Government has been getting too large and intrusive and I'm attracted by any party that promises a diminution of its influence.

oh, you meant 'communism' (Stalinist state socialism), not communism. not being picky, but there's a monumental difference (um, and tsars aren't really a communist trope under any definition!)

and c'mon, suppression of the right to demonstrate (!), undermining of competing power structures, intrusion in private social affairs* etc - have you checked the record of the 1979-1997 Tory governments? As to self-congratulatory production figures/reduction of intellectual activity to more production figures, that's a FAR wider problem than this last Labour government.

but a diminution of government influence is only half of that issue - what will come in its place is the other half. as i recall, tory governments are pretty intrusive upon people's lives - it's just that they reserve this intrusion for the poorer parts of society.

not sticking up for New Labour, obviously, but i don't see the point in voting for something that is likely to be even worse. What good things will the Tories do, in your opinion? Apart from try to privatise everything else that hasn't already been privatised, of course...(including education, making it easier to start up new private academies; and new schools get paid for attracting pupils!). Cameron is on record as being a big fan of Thatcher - nuff said.

*and Cameron is pledging to recognise marriage in the tax system!

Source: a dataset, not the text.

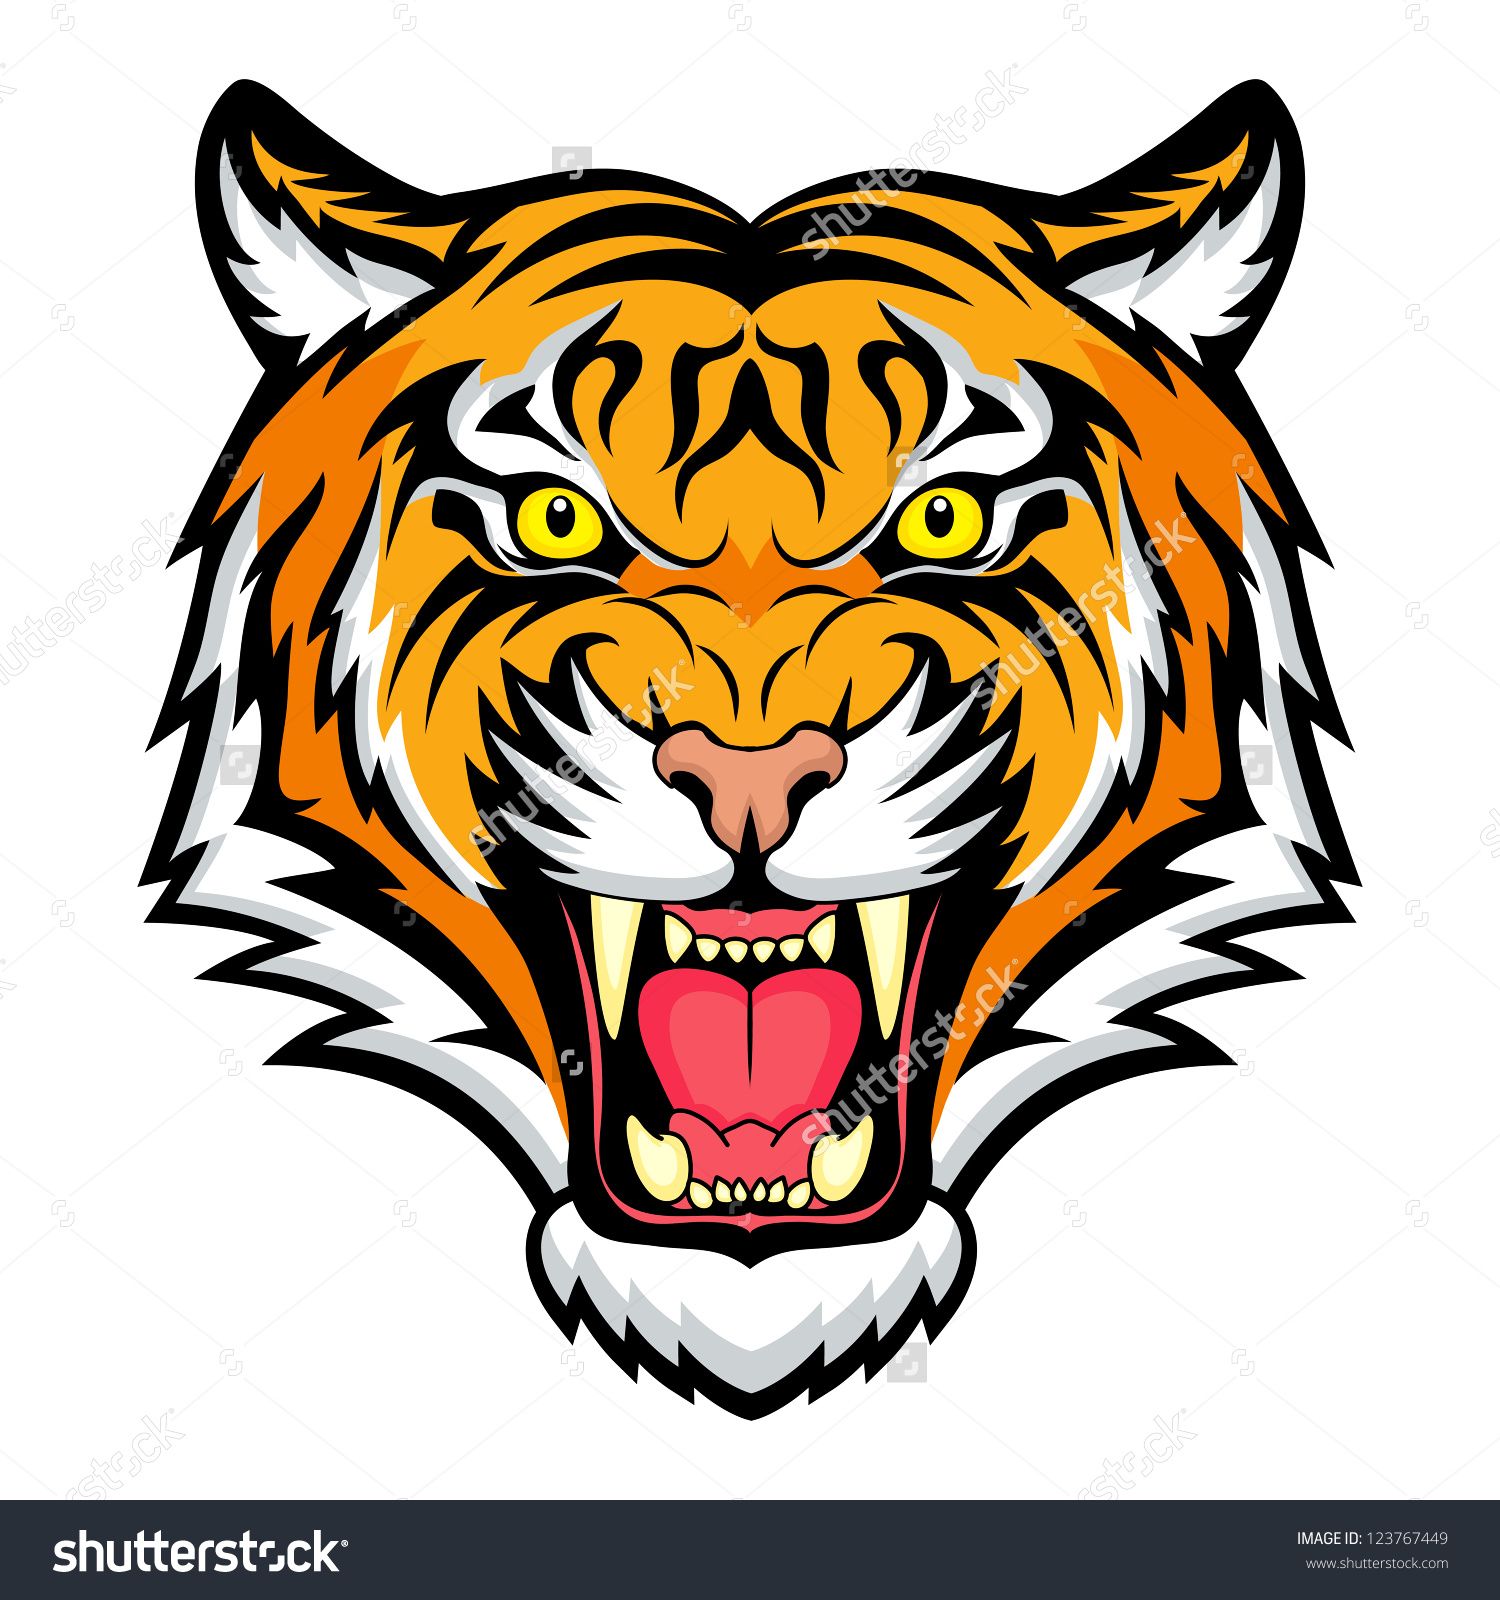 Tiger Anger. Vector Illustration Of A Tiger Head. - 123767449 ...

That strikes me as pretty fucking intrusive.

Edit: But they will "challenge racism and bigotry in all its manifestations". Best start chasing your own tail...

mixed_biscuits
22-04-2010, 12:25 AM
oh, you meant 'communism' (Stalinist state socialism), not communism.

My contention is that Labour has been gradually introducing a fundamentally ineffective and illiberal system modelled, consciously or not, on Eastern European state socialism (which often called itself 'communism').

Bear in mind that social mobility has been said to have decreased under Labour, which considering that 'fairness' might be said to be their (ostensible) raison d'etre is somewhat of an epic fail.

It may be a case of choosing between almost certain continued decline in the prospects of the comparatively poor and a speculative glimmer of hope in a reverse, pending the application of non-leftist policies (eg. the return of grammar schools?)

Brother Randy Hickey
22-04-2010, 12:41 AM
unless there are some surprises on the ballot in my ward, I'm not voting. My "compromise" approach to Labour has gone far enough, the "yeh, but they're still better than the other lot" argument no longer holds, for a dozen reasons. So, no. Sadly, in the absence of a none of the above option, I'll be staying home and feeling depressed

Brother Randy Hickey
22-04-2010, 12:42 AM
pending the application of non-leftist policies (eg. the return of grammar schools?)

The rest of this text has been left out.